SUPPLIED MATERIAL:
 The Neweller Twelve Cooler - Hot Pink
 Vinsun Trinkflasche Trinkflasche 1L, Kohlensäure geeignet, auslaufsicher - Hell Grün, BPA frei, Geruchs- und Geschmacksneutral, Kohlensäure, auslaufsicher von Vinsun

* * *

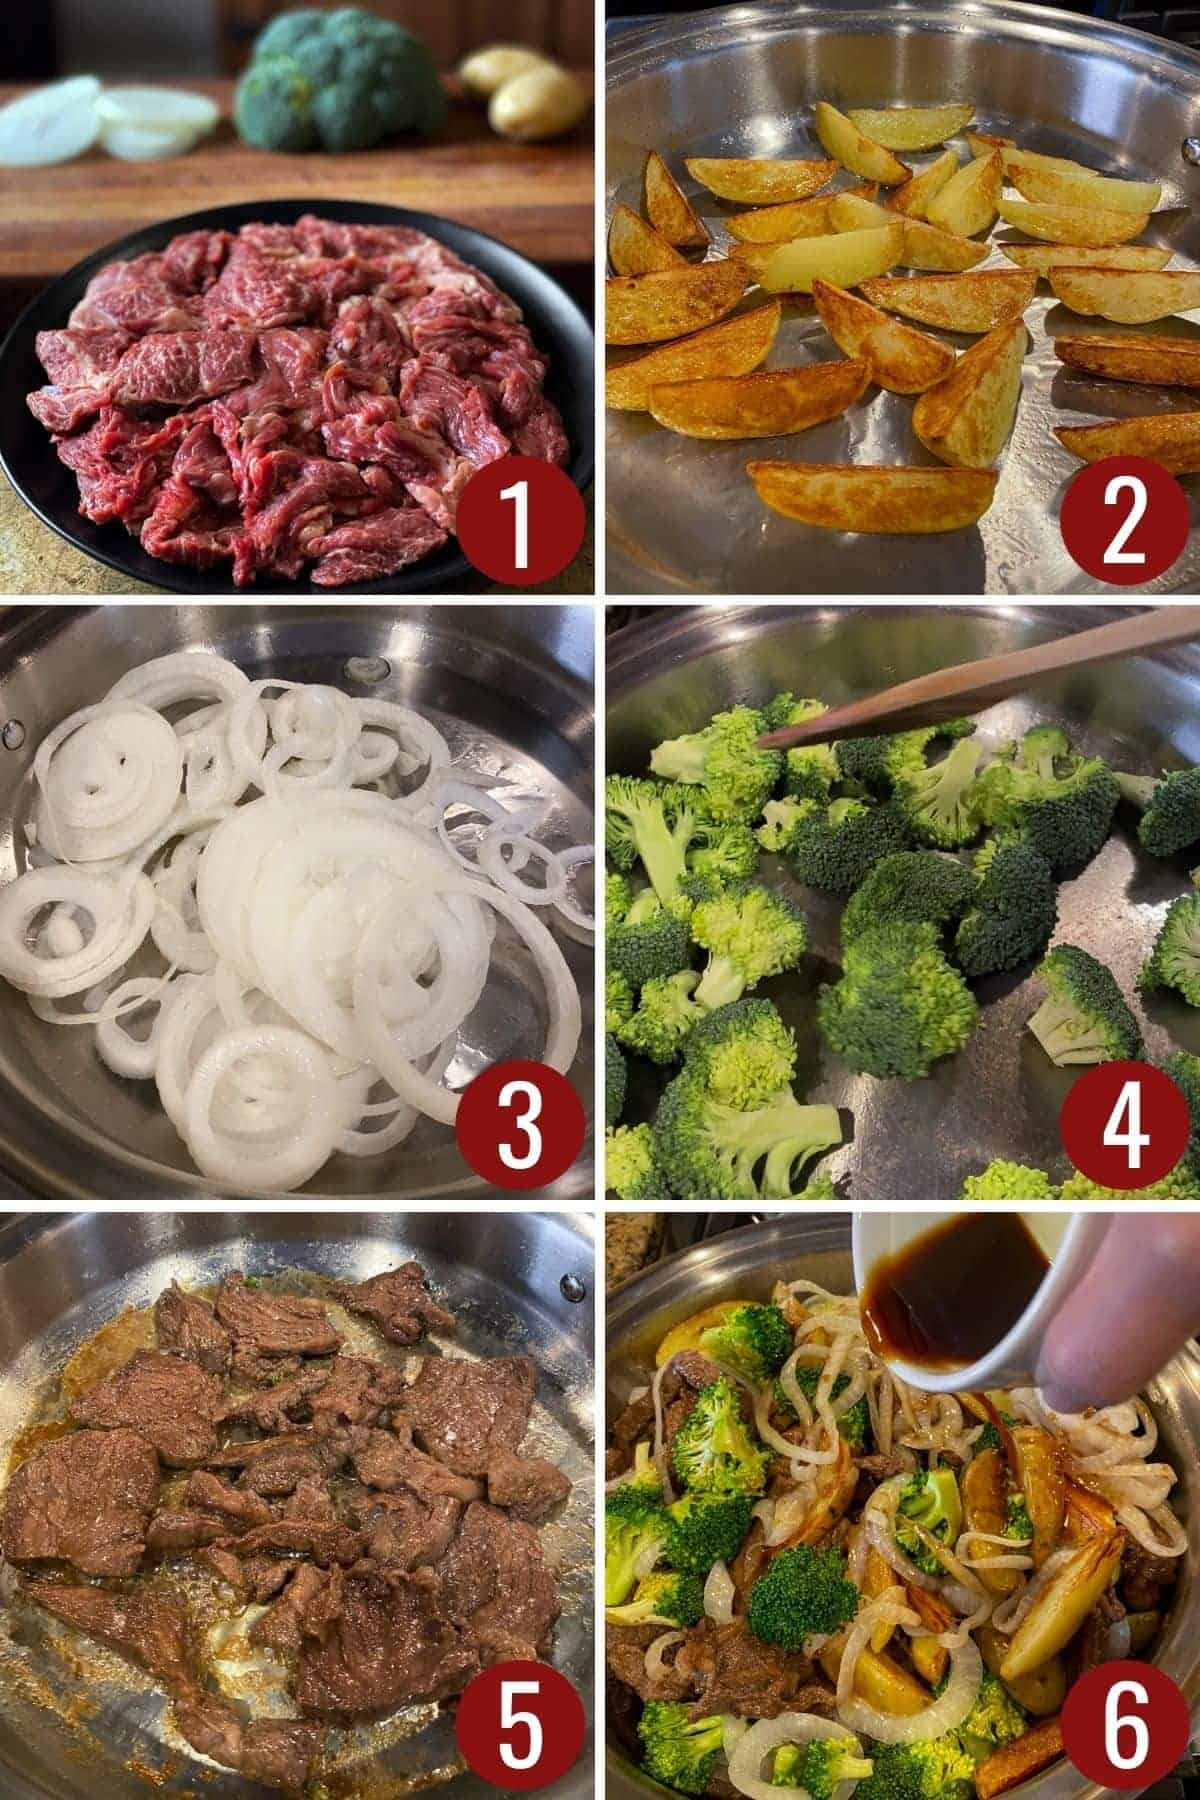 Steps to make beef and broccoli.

WHAT YOU SHOULD DO:
Your answer should be the lines above, from the line containing "The Neweller Twelve Cooler - Hot Pink" up to and including the line containing "Vinsun Trinkflasche Trinkflasche", reproduced exactly and with nothing else.

SOLUTION:
 The Neweller Twelve Cooler - Hot Pink
 Vinsun Trinkflasche Trinkflasche 1L, Kohlensäure geeignet, auslaufsicher - Hell Grün, BPA frei, Geruchs- und Geschmacksneutral, Kohlensäure, auslaufsicher von Vinsun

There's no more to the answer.